Последнее сыграло с ним довольно злую шутку. Морозов действительно опоздал к дележке основных пирогов, однако вовсе не потому, что был ленив, как объяснил вам. Вовсе не ленив. Но – высокомерен, из тех, знаете, .
«кто почитает всех нулями». И полагал, что без него ничего серьезного не свершится. Тот же Лемех – простите, Лиза, за напоминание – тем временем такой кульбит исполнил под носом у компетентных, как принято говорить, органов. Хотя какая, к черту, компетентность! В истории с Лемехом – классическое головотяпство. Если не хуже. Словом, Морозова обошли на повороте многие, но он – надо отдать должное – в депрессию не впал, счеты с провидением сводить не стал и, похоже, даже не озлобился. Сделал выводы – и принялся за дело. Учитывая новые исторические реалии. История с «Русским антиквариатом» – замысел грандиозный и отнюдь не такой уж фантастический, как может показаться. Свершись он, нефтяные магнаты ощутили бы себя торговцами «Сникерсами». Он был умен, этот Андрей Морозов, безупречно вычислил национальные достояния, еще не приватизированные и не пущенные с молотка. За «Русским антиквариатом» должен был последовать «Русский соболь». Ситуация с пушниной в стране дичайшая.

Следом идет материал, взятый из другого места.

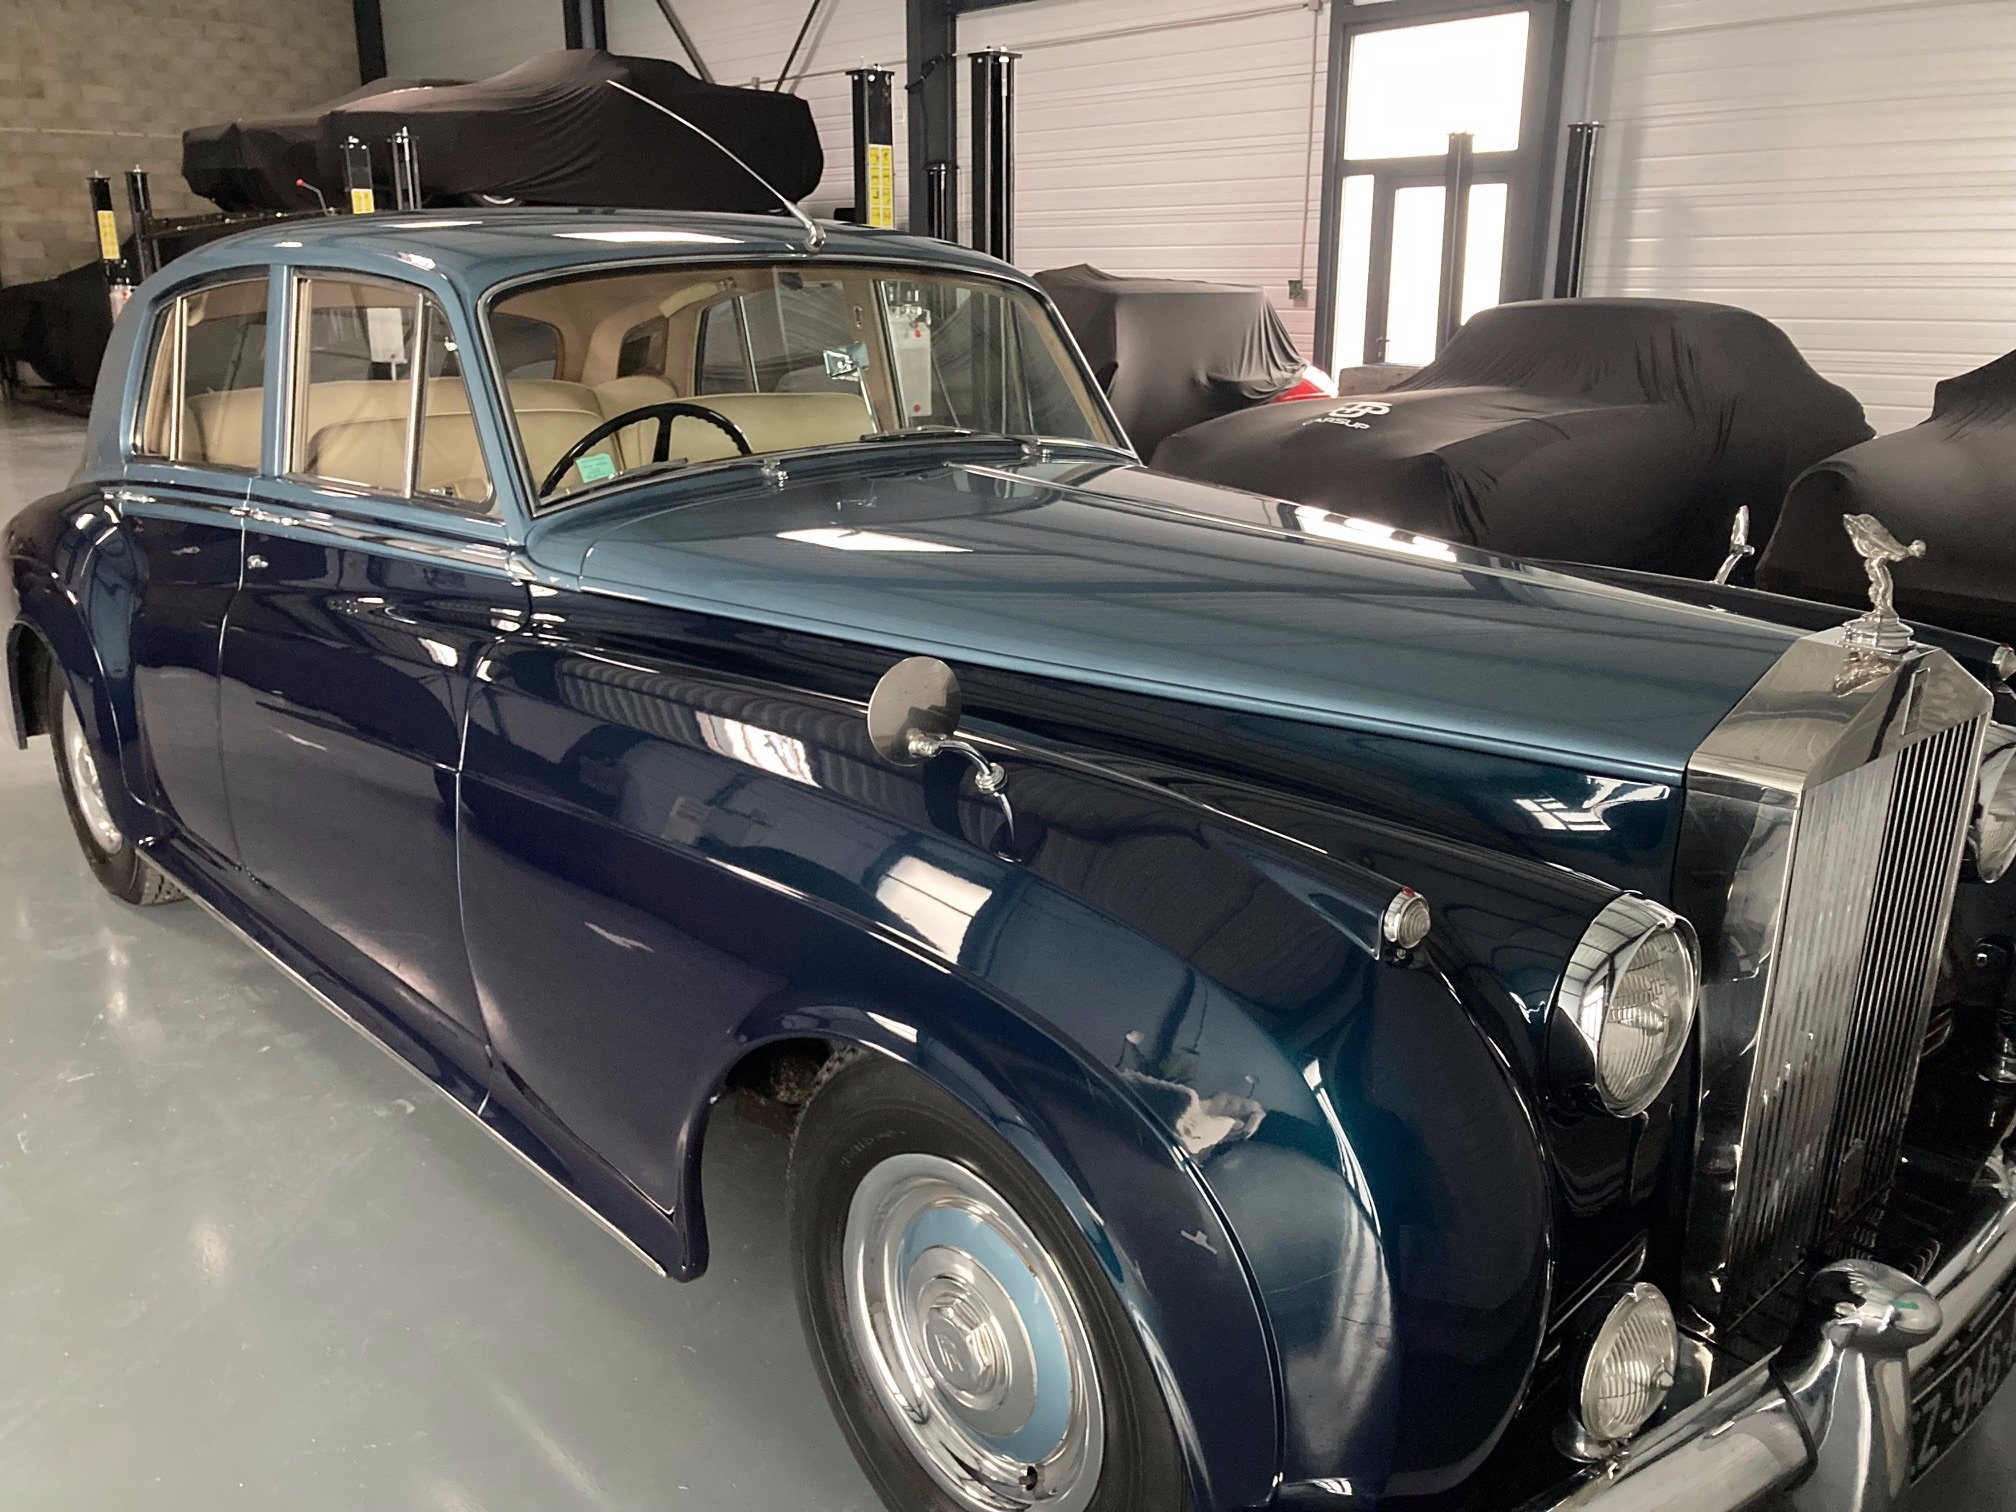 Cette Rolls Royce des années 60 a été confiée par son propriétaire à Carsup, une conciergerie dédiée à l'automobile de collection qui assure le remisage, l'entretien et toute une gamme d'autres services. LP/Christine Berkovicius
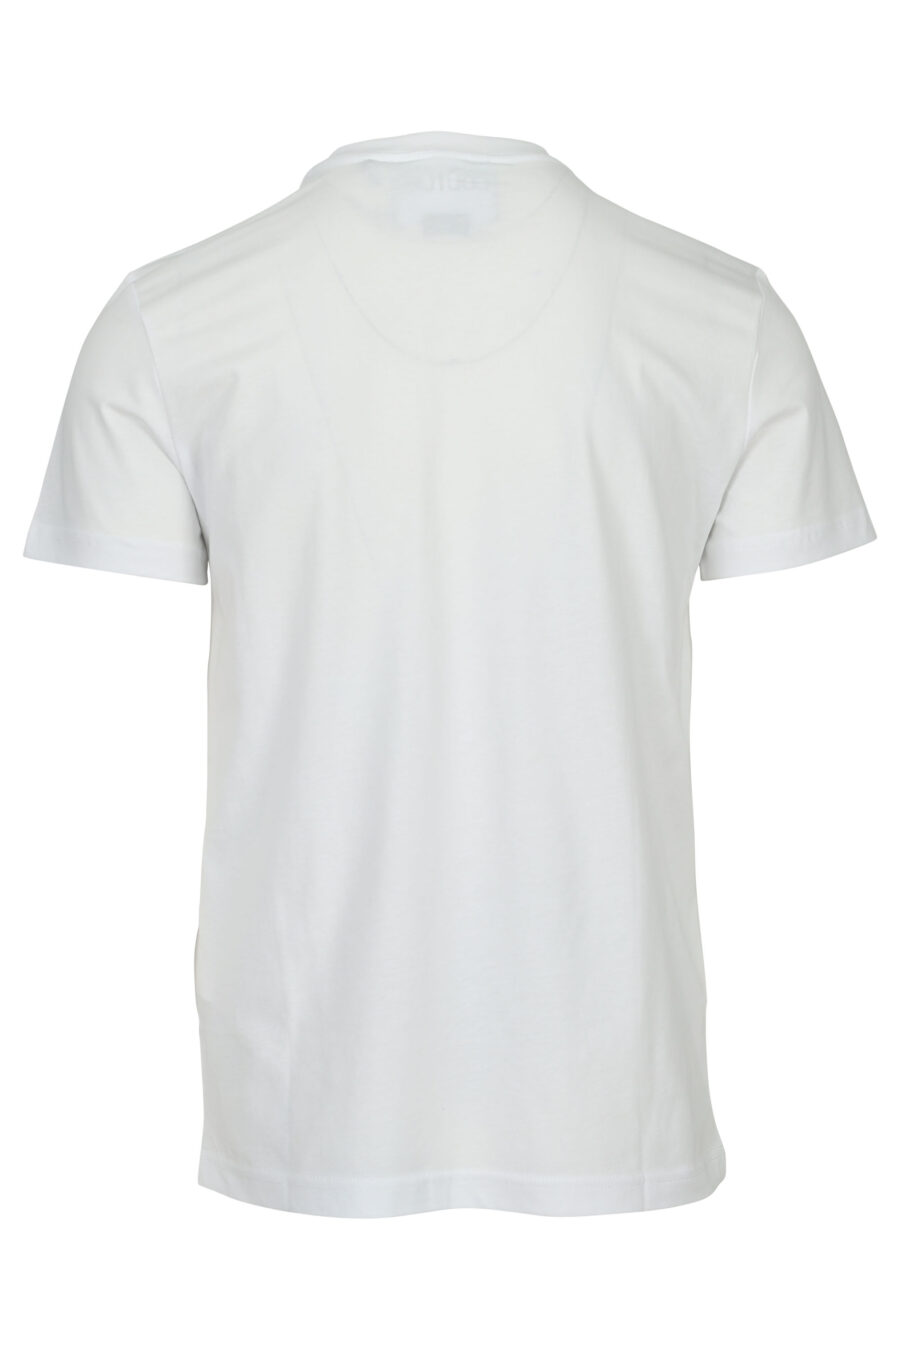 Camiseta blanca con minilogo circular brillante dorado - 8052019599688 1

Большую часть драгоценного меха мы продаем на питерском аукционе, сами довольствуемся контрабандными шкурками, не самой качественной продукцией зверосовхоза – то бишь объедками с собственного стола. Но я отвлекся…
В поле нашего зрения создатель «Русского антиквариата» попал именно в тот момент, когда попытался организовать идеологическое прикрытие акции. Повторяться не стану, он достаточно емко изложил идею Игорю. Общественное мнение предполагалось всколыхнуть эпидемией криминала вокруг антикварного бизнеса. Разносчиками заразы – по замыслу Морозова – должна была стать не привычная уже братва, а популяция особей с политическим окрасом. Как выразился тот подонок, что первым явился к Игорю «Русской стариной должны торговать русские люди». Это был своего рода девиз. Сколько бы Андрей Викторович ни пел про ислам и неоглобализм. На вооружение была взята исключительно идея пан-славянизма, причем в самой порочной форме. Потому идеологическая работа сочеталась с полноценной боевой подготовкой. Историко-патриотические лагеря, рыцарские турниры и прочее полезное вроде бы и приятное времяпрепровождение подростков – были организованы с профессиональным размахом. Нам по крайней мере известно о тридцати семи юношеских военно-патриотических и военно-исторических организациях, которые были созданы исключительно на средства Морозова и развивались под его непосредственным патронажем. Не только в Москве, разумеется. Скорее уж ставка делалась на провинцию. Всего он собрал под свои знамена порядка пяти тысяч юнцов, в основном мальчишек. От тринадцати до восемнадцати лет и старше. Но есть и девицы. Такие дела.
– Солидный размах.
– Солидный. Главное – устремленный в будущее.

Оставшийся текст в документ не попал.